The method can also be used on distributional limits of random variables. Furthermore, the estimate of the previous theorem can be refined by means of the so-called Paley–Zygmund inequality. Suppose that X_n is a sequence of non-negative real-valued random variables which converge in law to a random variable X. If there are finite positive constants c₁, c₂ such that $${\displaystyle {\begin{aligned}\operatorname {E} \left[X_{n}^{2}\right]&\leq c_{1}\operatorname {E} [X_{n}]^{2}\\\operatorname {E} \left[X_{n}\right]&\geq c_{2}\end{aligned}}}$$

hold for every n, then it follows from the Paley–Zygmund inequality that for every n and θ in (0, 1)$${\displaystyle \Pr(X_{n}\geq c_{2}\theta )\geq {\frac {(1-\theta )^{2}}{c_{1}}}.}$$

Consequently, the same inequality is satisfied by X.
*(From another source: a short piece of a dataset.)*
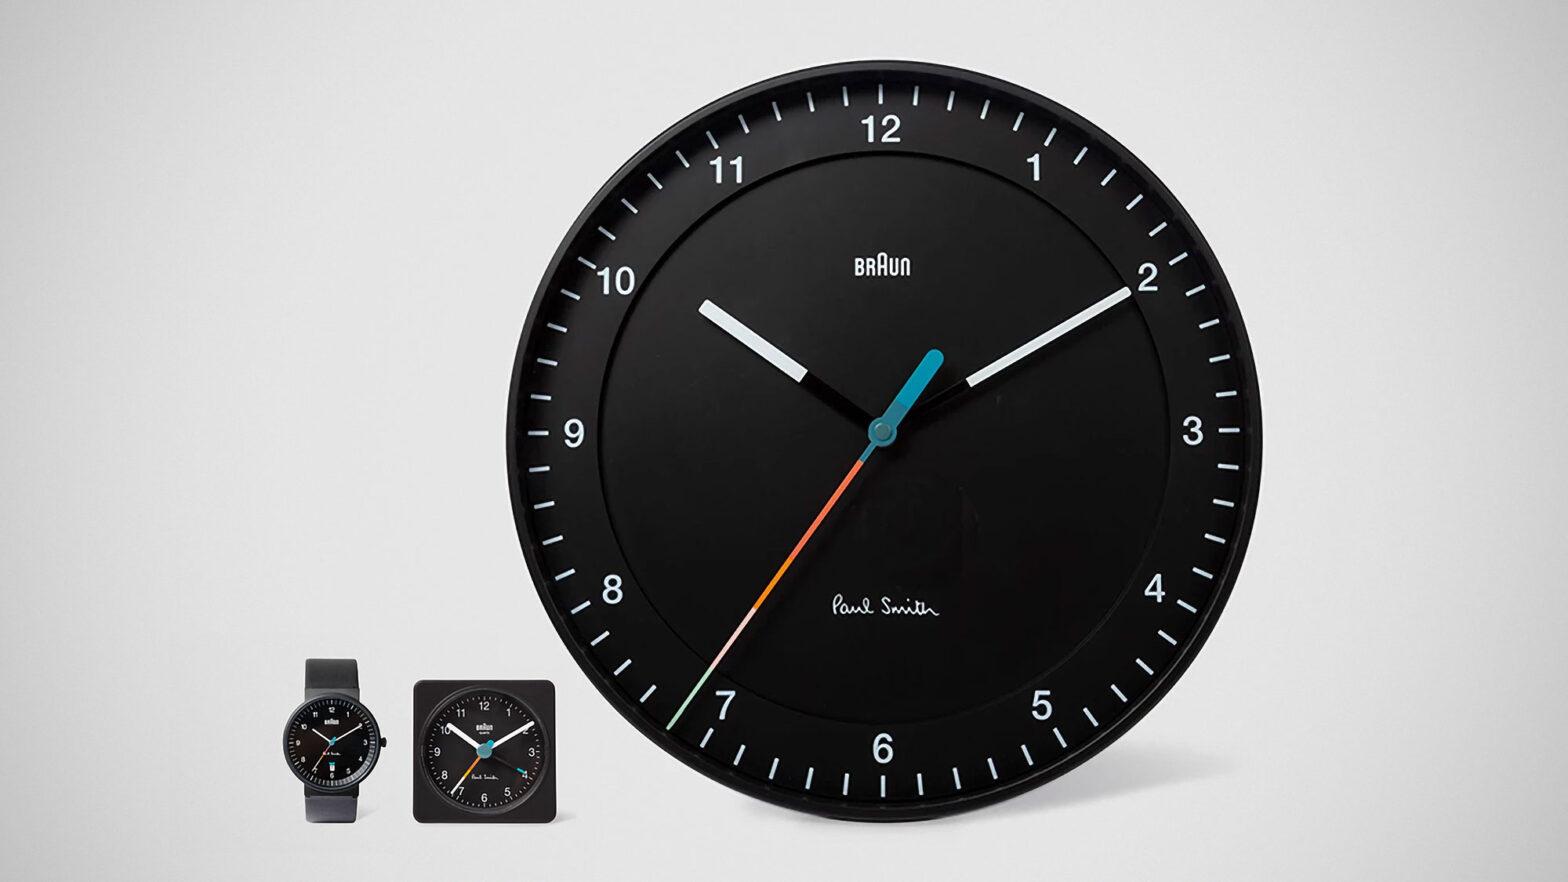 Paul Smith + Braun Wrist Watch and Clocks

Example application of method

Setup of problem

The Bernoulli bond percolation subgraph of a graph G at parameter p is a random subgraph obtained from G by deleting every edge of G with probability 1−p, independently. The infinite complete binary tree T is an infinite tree where one vertex (called the root) has two neighbors and every other vertex has three neighbors. The second moment method can be used to show that at every parameter p ∈ (1/2, 1] with positive probability the connected component of the root in the percolation subgraph of T is infinite.

Application of method

Let K be the percolation component of the root, and let T_n be the set of vertices of T that are at distance n from the root. Let X_n be the number of vertices in T_n ∩ K.

To prove that K is infinite with positive probability, it is enough to show that ${\displaystyle \Pr(X_{n}>0\ \ \forall n)>0}$. Since the events ${\displaystyle \{X_{n}>0\}}$ form a decreasing sequence, by continuity of probability measures this is equivalent to showing that ${\displaystyle \inf _{n}\Pr(X_{n}>0)>0}$.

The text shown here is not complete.